3. A network authentication method, characterized in that the network authentication method comprises:

the method comprises the steps that a terminal sends an authentication request comprising identification information of a domain server to be accessed, a domain account number to be authenticated and a password to a proxy server, so that the proxy server determines the domain server matched with the identification information from a plurality of domain servers based on the identification information, and sends the authentication request to the domain server matched with the identification information through a network policy server;

receiving an authentication result forwarded by the domain server through the proxy server;

if it is determined that the domain account and the password pass the authentication according to the authentication result, the step of receiving the authentication result forwarded by the domain server through the proxy server specifically includes:

and receiving the network strategy issued by the proxy server for the domain account and the port number of the virtual local area network.

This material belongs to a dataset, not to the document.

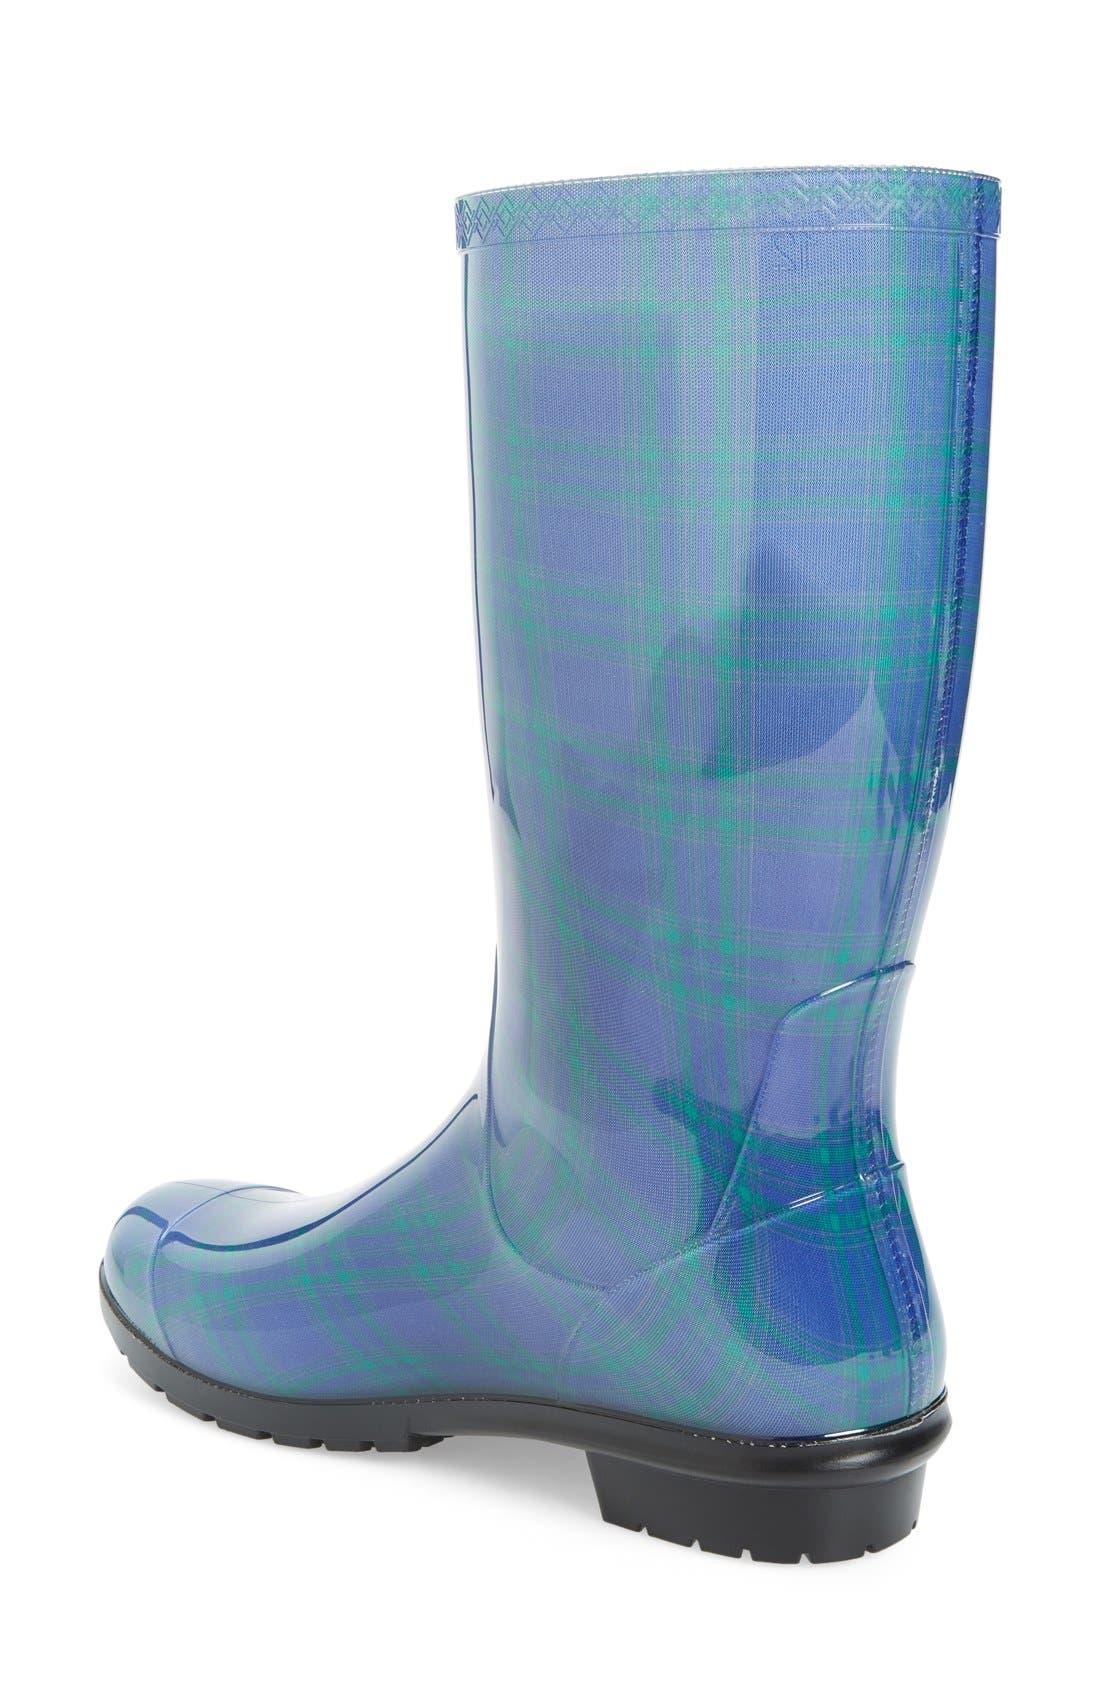 Alternate Image 2  - UGG® 'Shaye' Genuine Shearling Lined Waterproof Mid-Calf Rain Boot (Women)
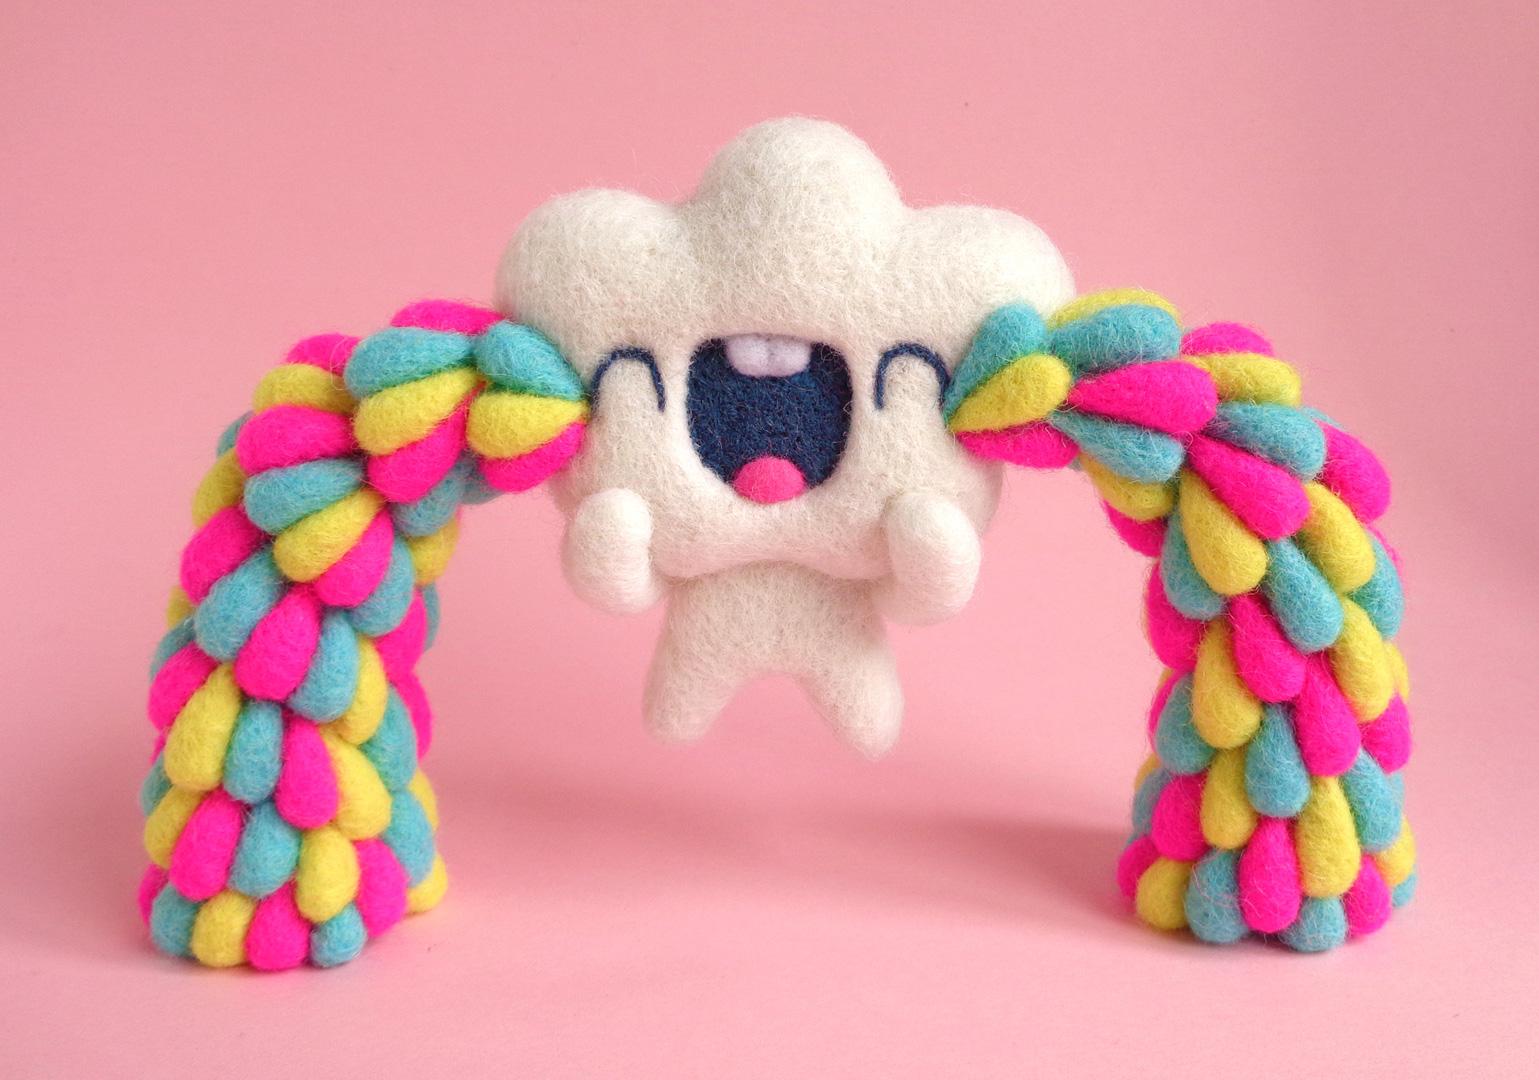 Pictoplasma 2020 - Toy Artist Droolwool

4. A network authentication method, characterized in that the network authentication method comprises:

the domain server receives an authentication request which is sent by a terminal through a proxy server and comprises identification information of a domain server to be accessed, a domain account number to be authenticated and a password; the authentication request is sent by a network policy server after the proxy server determines a domain server matched with the identification information from a plurality of domain servers;

comparing the domain account and the password to be authenticated with a domain account and a password which are stored in advance, and determining whether the domain account and the password to be authenticated pass authentication;

and if the domain account and the password pass the authentication, sending an authentication result to the network policy server, so that after the authentication result, the network policy and the virtual local area network port number which are matched with the domain account and the password are issued according to the authentication result and forwarded to the proxy server through the network policy server, the authentication result, the network policy and the virtual local area network port number are fed back to the terminal through the proxy server.

5. A proxy server, characterized in that it comprises communication circuitry, a memory, a processor, and a computer program stored on said memory and executable on said processor, said processor implementing the steps of the network authentication method according to any of claims 1-2 when executing said computer program.

6. A terminal, characterized in that the terminal comprises a processor and a human-computer interaction control circuit which are coupled with each other, the processor is used for realizing the network authentication method according to claim 3 in cooperation with the human-computer interaction control circuit.

7. A domain processor, characterized in that the domain processor comprises communication circuitry, a memory, a processor, and a computer program stored on the memory and executable on the processor, the processor implementing the steps of the network authentication method of claim 4 when executing the computer program.

8. A computer storage medium, characterized in that the computer storage medium has stored thereon program data which, when executed by a processor, implements the network authentication method according to any one of claims 1-2, or claim 3 or claim 4.